# Angular Fringe Width As θ is very small, then tan θ = y/D can be reduced to

$\large \theta = \frac{y}{D}$

Therefore , $\large \Delta\theta = \frac{\Delta y}{D}$ ..(i)

Where Δy gives the distance between two consecutive similar fringes.

Δy = β , the fringe width.

Hence from (i) we obtain,

$\large \Delta\theta = \frac{\beta}{D}$

But , $\large \beta = \frac{\lambda D}{d}$

Hence , $\large \Delta \theta = \frac{\lambda }{d}$

where Δθ is called the angular fringe width.

Illustration : A beam of light consisting of two wavelengths, 6500 A° and 5200 A° is used to obtain interference fringes in a Young’s double slit experiment (1A° = 10-10 m). The distance between the slits is 2.0 mm and the distance between the plane of the slits and the screen is 120 cm.

(a) Find the distance of the third bright fringe on the screen from the central maximum for the wavelength 6500 A°.

(b) What is the least distance from the central maximum where the bright fringes due to both the wavelengths coincide?

Solution : (a) The centre of the nth bright fringe is at a distance

$\large y = \frac{n \lambda D}{d}$ from the central maximum. For the 3rd bright fringe of 6500 A°,

$\large y = \frac{3 \times 6500 \times 10^{-10} \times 1.2}{2 \times 10^{-3}}$

= 0.117 cm ≈ 0.12 cm.

(b) Suppose the mth bright fringe of 6500Å coincides with the nth bright fringe of 5200 A°.

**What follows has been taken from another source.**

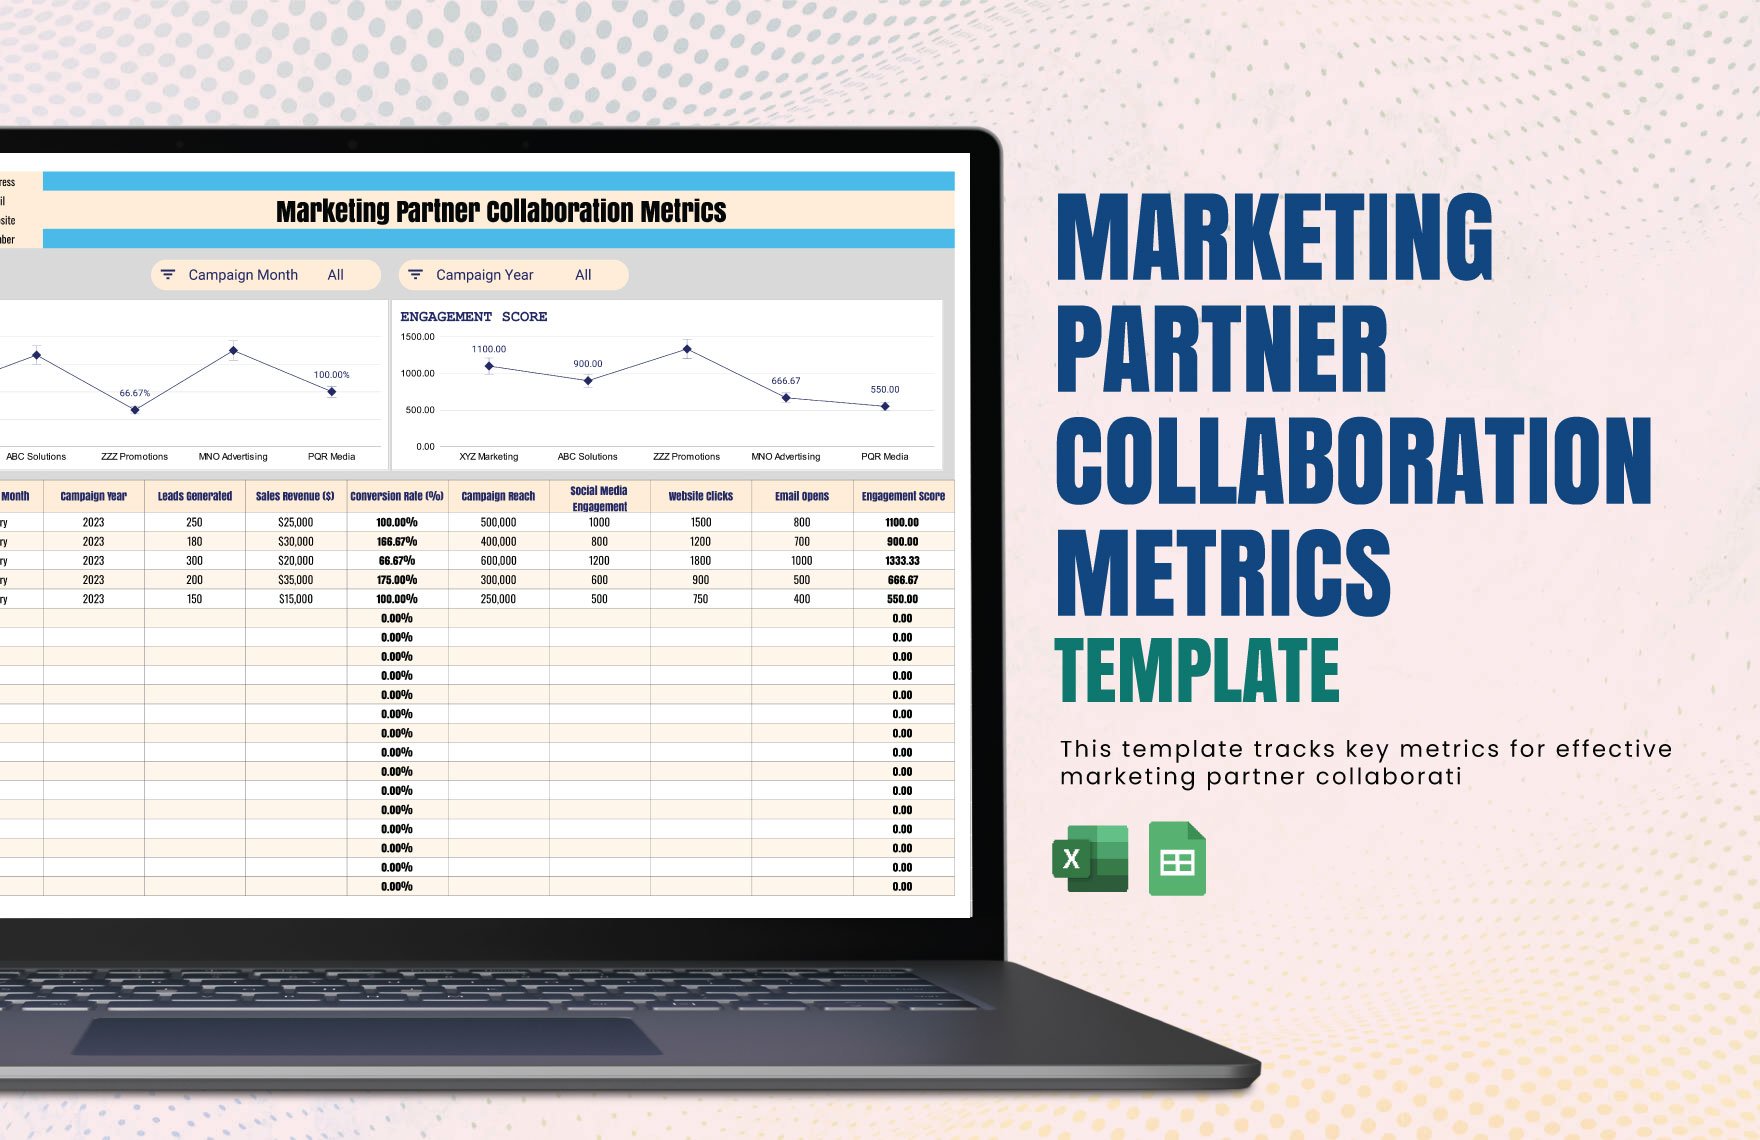 Marketing Partner Collaboration Metrics Template

Then, $\large \frac{m \times 6500 A^o D}{d} = \frac{n \times 5200 A^o D}{d}$

$\large \frac{m}{n}= \frac{4}{5}$

The minimum values of m and n that satisfy this equation are 4 and 5 respectively. The distance of the 4th bright fringe of 6500 A°
or the 5th bright fringe of 5200 A° from the central maximum is

$\large y = \frac{4 \times 6500 \times 10^{-10} \times 1.2}{2 \times 10^{-3}}$

= 0.156 cm ≈ 0.16 cm.